Regenerative Medicine: What It Is, How It Works

Our bodies are wonderful creations. When we have a minor injury like a cut finger, the body can heal itself. But some chronic diseases can have ongoing adverse effects on our health. Despite being able to make some choices to improve our health, those diseases may never be eliminated – and the damage they cause remains.

A new field of medicine, called regenerative medicine, is attempting to find therapies that mimic how the body heals itself. (2) Regenerative medicine replaces or revives body tissues harmed by “disease, injury or age.” (2)

Although many types of regenerative medicine are still in the development stage, some have successfully been used for over 25 years. One of the most well-known of these is stem cell therapy. Scientists grow stem cells in a laboratory, and then change these cells to resemble cells the body needs. The cells will act the same way healthy cells would, which begins to heal the diseased cells. (2)

For example, a person with heart disease could receive cells that act like a heart transplant, giving the heart a healthy area of heart muscle.

What Diseases Can Be Helped By Regenerative Medicine?

“+Type 1 diabetes

+Heart tissue damage

+Brain tissue injury

+Skin wounds

+Some cancers

+Organ transplants “(2)

Types of Regenerative Medicine include:

Tissue Engineering and “Biomaterials” (2) – this involves unique “biomaterials” (like metals, ceramics, and polymers ) and transforming them with a 3D printer into the shape of the structure the body needs.

Cellular Therapy – The patient’s adult stem cells have been grouped together by doctors and injected into damaged areas that use the stem cells to heal themselves. Adult stem cells can be found in our:

“· Blood

· Fat

· Bone marrow

· Dental pulp

· Skeletal muscles ” (2)


Medical Devices and Artificial Organs – If you need an organ transplant and have not found a donor, regenerative medical scientists have developed robotic and mechanical devices which can replace or be implanted into diseased organs. For example, a VAD (ventricular assistive device) can be placed into the body to continue the heart’s beating while heart surgeons do lengthy repairs to the heart. (2)

Regenerative Medicine Use With Cipro Side Effects

Cipro is an antibiotic used for many types of infections. In 2016 the FDA began warning the public about Cipro’s potential to cause widespread damage to body tissues. In some patients, Cipro caused changes to tissues and cell mutations. Many Cipro users began to report long-term neuropathy (tingling and burning of the legs), tendonitis, nerve damage, and tiredness. (1)

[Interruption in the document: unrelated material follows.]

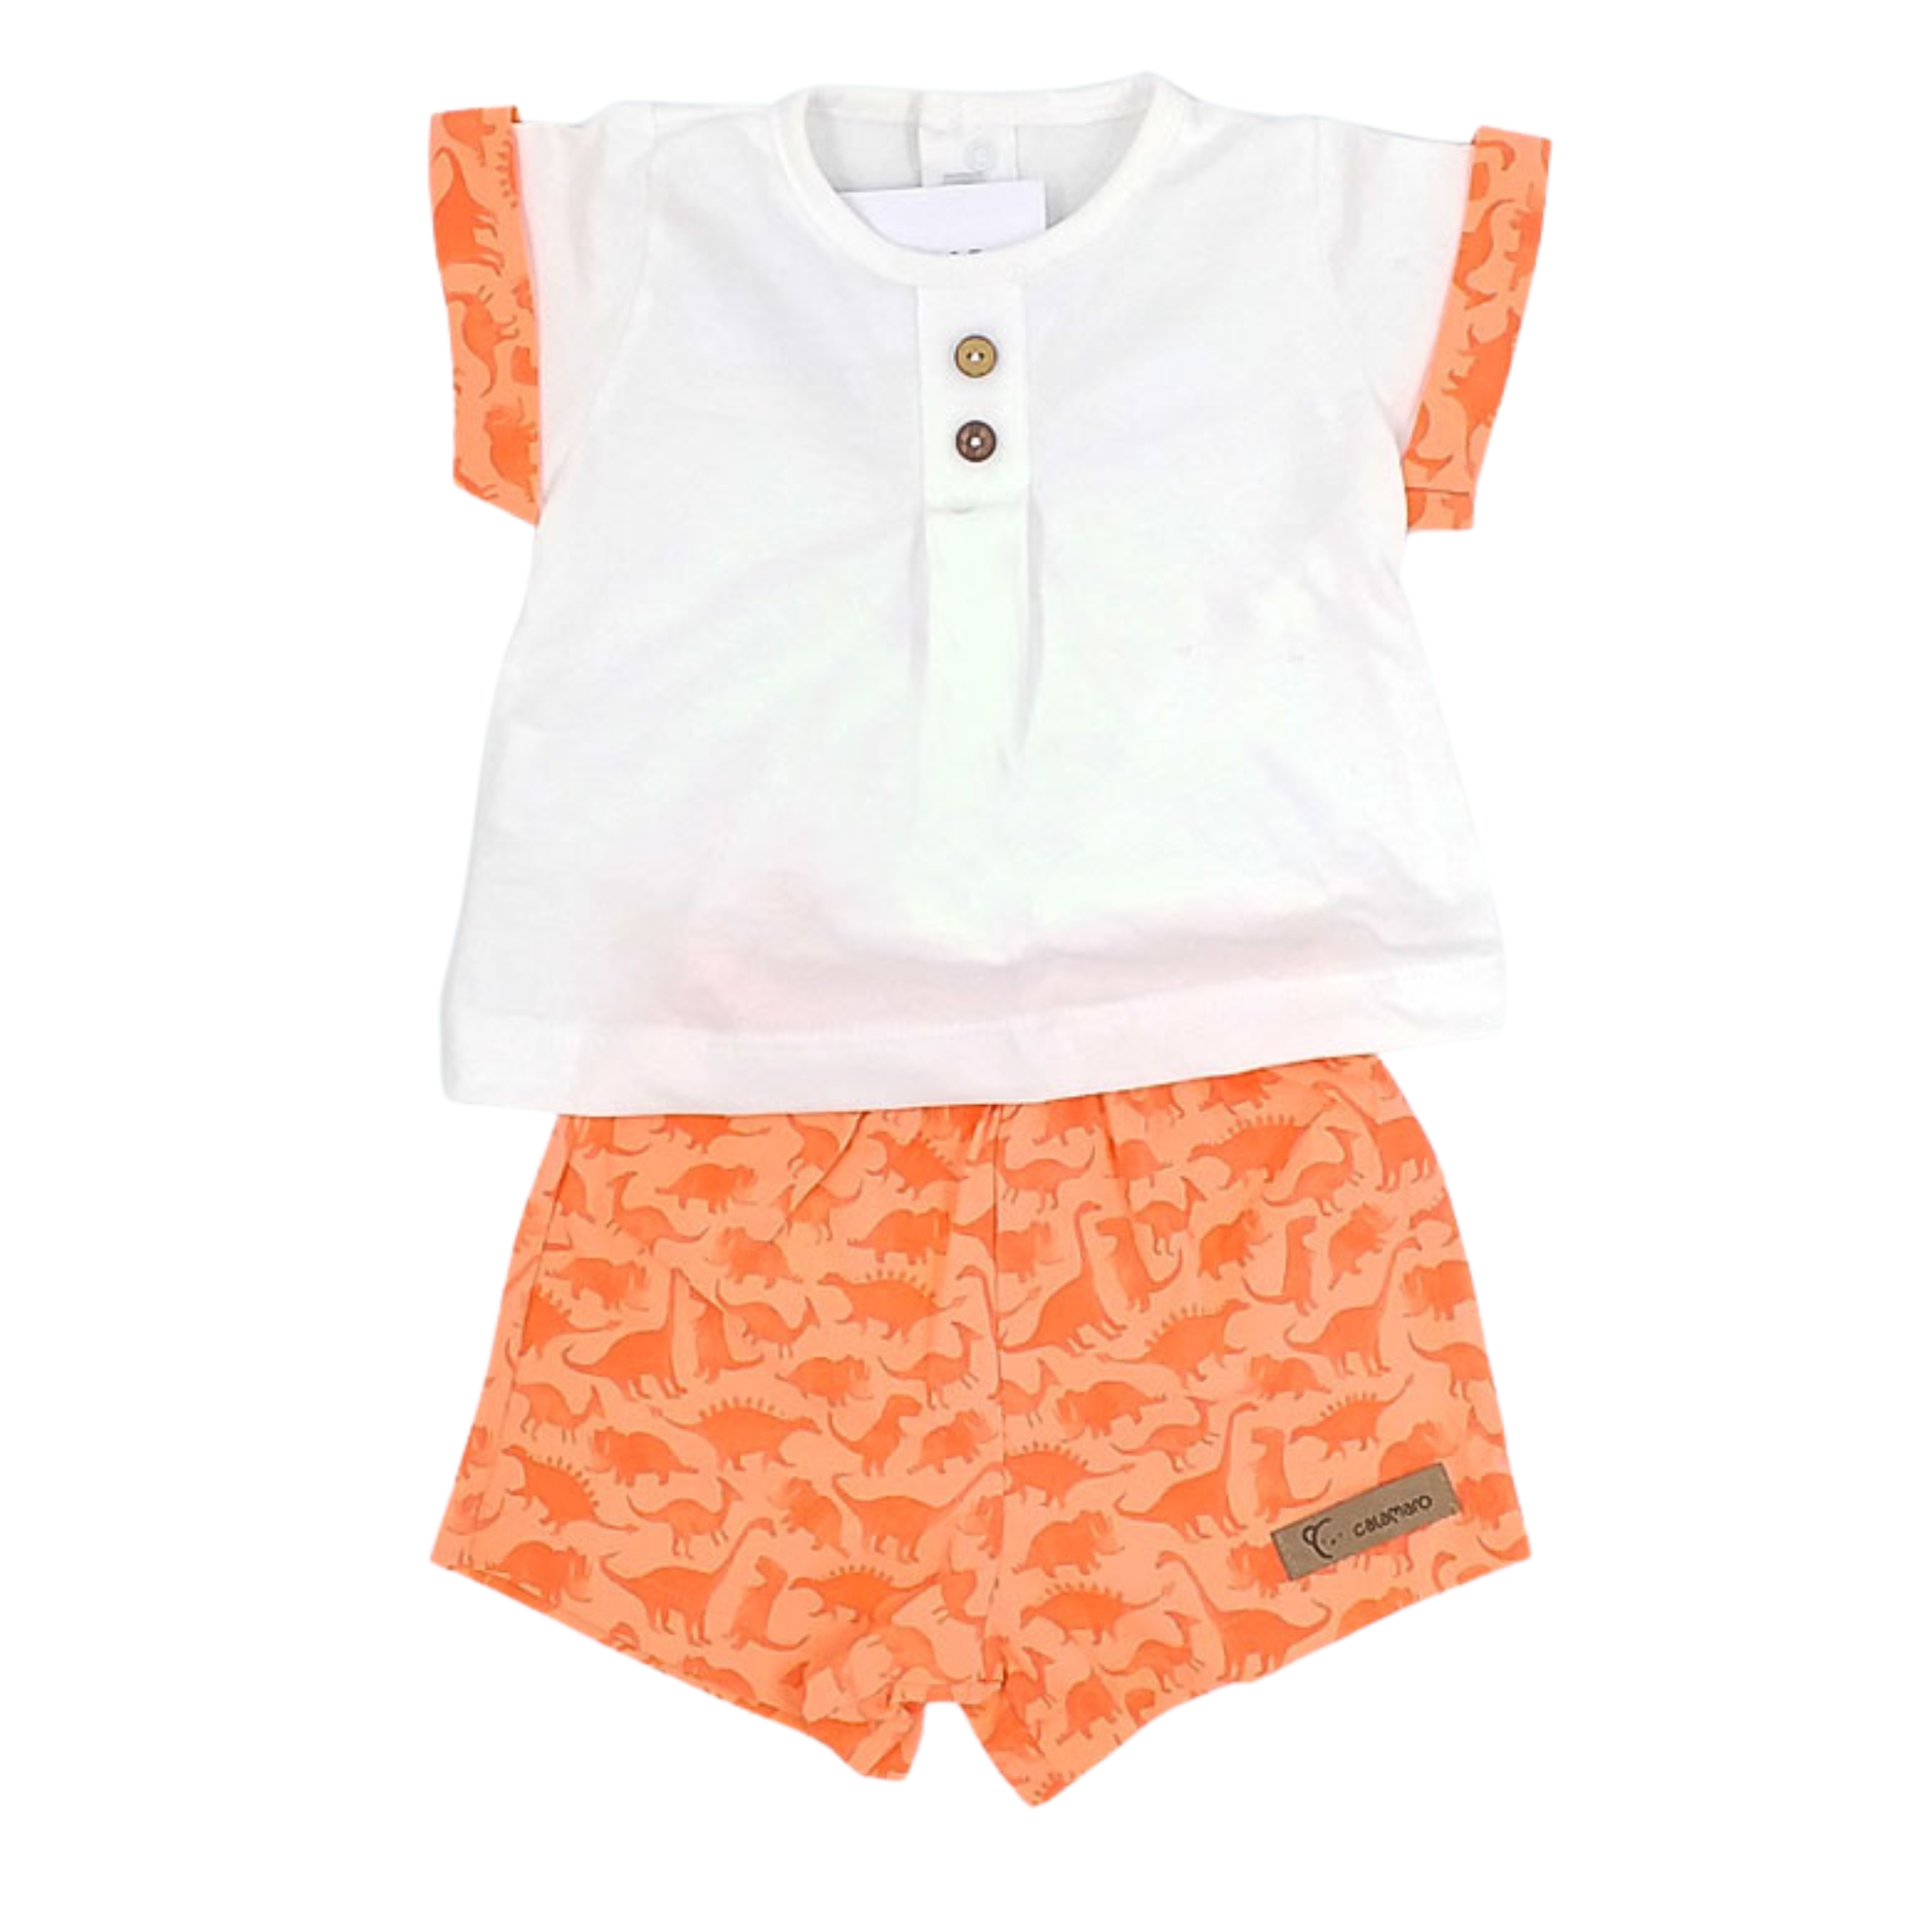 Imagen de conjunto de camiseta blanca con mangas y pantalón naranjas con dibujos image number null

Dr. Mark Ghalili of Regenerative Medicine L.A. is a regenerative medicine specialist who has given lectures around the world addressing the problems of Cipro side effects. After experiencing a severe reaction to Cipro, Dr. Ghalili himself began to experience severe pain, muscle weakness, blurry vision, and dizziness. He became wheelchair-bound and was unable to walk. (1)

Dr. Ghalili was introduced to regenerative medicine techniques, which reversed his symptoms and restored him to health. “Within weeks, he went from being confined in a wheelchair, unable to treat patients … to gaining the gift of running again.” (1) He then began a study of regenerative methods and began using them with his patients. (1) Dr. Ghalili believes the key to healing lies in discovering the root causes of patients’ illnesses and then beginning to rebuild and revive their bodies “at the cellular level” (1)

Although many types of regenerative medicine have successfully been used and have improved many lives, these methods are still relatively new. There are ongoing clinical trials and research that will continue to be done to ensure the safety of these technologies.